TASK REQUIREMENTS » State only how many lines below include the string "Baby".

(Data extracted from a collection)
= Beginning of Section =
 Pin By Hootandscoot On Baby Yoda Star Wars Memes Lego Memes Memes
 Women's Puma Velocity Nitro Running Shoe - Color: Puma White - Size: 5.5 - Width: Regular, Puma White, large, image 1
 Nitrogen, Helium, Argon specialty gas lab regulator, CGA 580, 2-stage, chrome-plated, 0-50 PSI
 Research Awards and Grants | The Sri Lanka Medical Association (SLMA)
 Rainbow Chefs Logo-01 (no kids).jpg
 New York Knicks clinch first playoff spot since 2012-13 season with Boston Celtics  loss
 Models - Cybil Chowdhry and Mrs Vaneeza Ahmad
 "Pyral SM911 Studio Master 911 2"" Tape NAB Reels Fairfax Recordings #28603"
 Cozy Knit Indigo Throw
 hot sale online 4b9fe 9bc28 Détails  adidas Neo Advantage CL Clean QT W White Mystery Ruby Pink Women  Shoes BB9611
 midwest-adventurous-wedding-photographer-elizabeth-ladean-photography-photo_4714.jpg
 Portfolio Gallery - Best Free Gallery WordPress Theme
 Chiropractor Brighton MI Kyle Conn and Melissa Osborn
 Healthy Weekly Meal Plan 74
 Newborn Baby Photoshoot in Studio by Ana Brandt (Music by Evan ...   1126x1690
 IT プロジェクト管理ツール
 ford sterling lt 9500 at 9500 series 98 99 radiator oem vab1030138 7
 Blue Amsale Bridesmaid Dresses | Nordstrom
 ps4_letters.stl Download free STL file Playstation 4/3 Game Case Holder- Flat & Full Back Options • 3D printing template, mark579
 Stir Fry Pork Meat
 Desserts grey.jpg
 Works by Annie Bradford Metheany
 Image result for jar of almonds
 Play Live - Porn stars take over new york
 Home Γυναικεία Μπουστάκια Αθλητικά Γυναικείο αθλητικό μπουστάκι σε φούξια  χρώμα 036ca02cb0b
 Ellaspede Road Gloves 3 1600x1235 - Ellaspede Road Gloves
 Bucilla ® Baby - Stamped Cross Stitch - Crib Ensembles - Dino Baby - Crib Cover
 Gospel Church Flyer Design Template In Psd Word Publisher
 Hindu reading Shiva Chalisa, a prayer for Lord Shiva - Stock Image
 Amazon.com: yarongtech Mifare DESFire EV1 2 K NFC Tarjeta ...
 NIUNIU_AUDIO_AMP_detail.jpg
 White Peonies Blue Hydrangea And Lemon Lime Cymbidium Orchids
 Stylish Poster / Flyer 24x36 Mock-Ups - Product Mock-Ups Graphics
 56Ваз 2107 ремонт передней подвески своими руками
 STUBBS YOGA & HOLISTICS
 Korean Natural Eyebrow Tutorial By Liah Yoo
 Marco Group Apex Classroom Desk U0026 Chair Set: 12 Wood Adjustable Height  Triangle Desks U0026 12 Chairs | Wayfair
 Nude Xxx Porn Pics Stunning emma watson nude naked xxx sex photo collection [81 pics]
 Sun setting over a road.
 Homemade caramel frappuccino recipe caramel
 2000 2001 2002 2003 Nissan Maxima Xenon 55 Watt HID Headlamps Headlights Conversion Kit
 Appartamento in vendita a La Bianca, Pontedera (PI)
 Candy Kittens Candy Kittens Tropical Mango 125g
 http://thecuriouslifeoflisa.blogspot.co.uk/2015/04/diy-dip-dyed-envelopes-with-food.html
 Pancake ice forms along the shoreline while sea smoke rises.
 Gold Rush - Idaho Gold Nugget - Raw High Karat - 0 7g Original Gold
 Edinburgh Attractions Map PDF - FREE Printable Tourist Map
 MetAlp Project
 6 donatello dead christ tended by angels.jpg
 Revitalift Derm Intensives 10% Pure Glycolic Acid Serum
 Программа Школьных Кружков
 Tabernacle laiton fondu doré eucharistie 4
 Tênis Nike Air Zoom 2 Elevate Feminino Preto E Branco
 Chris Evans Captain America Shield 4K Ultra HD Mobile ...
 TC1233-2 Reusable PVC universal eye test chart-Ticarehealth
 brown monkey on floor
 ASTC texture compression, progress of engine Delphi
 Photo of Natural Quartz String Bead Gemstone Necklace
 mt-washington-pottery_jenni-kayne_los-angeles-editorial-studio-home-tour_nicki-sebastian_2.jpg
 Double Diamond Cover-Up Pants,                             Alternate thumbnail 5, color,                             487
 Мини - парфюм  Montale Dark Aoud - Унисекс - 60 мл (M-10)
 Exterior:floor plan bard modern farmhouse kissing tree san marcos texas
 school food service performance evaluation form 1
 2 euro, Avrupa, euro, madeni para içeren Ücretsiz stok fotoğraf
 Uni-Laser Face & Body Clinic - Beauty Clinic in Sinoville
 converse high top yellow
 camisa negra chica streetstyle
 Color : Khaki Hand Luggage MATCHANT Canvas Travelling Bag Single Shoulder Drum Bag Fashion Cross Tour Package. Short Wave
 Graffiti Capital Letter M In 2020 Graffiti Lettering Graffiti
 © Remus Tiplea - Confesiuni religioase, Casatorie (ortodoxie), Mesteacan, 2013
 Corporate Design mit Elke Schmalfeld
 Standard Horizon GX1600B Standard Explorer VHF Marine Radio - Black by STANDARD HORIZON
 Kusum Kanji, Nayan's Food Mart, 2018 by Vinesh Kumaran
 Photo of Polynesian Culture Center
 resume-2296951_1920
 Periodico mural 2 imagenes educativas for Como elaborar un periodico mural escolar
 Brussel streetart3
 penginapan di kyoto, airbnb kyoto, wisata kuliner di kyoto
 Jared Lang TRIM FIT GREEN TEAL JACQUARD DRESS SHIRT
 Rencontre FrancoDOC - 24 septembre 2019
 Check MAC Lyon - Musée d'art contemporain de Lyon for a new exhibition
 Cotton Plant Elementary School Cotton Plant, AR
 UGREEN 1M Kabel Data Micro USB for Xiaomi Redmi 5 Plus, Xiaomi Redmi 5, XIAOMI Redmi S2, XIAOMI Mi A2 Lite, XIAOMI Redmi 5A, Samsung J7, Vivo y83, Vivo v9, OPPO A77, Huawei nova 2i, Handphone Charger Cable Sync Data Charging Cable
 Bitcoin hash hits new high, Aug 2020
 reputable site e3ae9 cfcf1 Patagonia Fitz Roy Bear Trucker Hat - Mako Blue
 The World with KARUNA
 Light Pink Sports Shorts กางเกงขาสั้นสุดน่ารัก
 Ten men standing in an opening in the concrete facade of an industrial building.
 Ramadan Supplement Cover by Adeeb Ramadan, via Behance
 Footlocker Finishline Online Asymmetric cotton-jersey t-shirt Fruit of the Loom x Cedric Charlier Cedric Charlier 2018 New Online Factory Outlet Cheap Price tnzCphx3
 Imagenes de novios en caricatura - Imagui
= End of Section =
RESPONSE BELOW » 3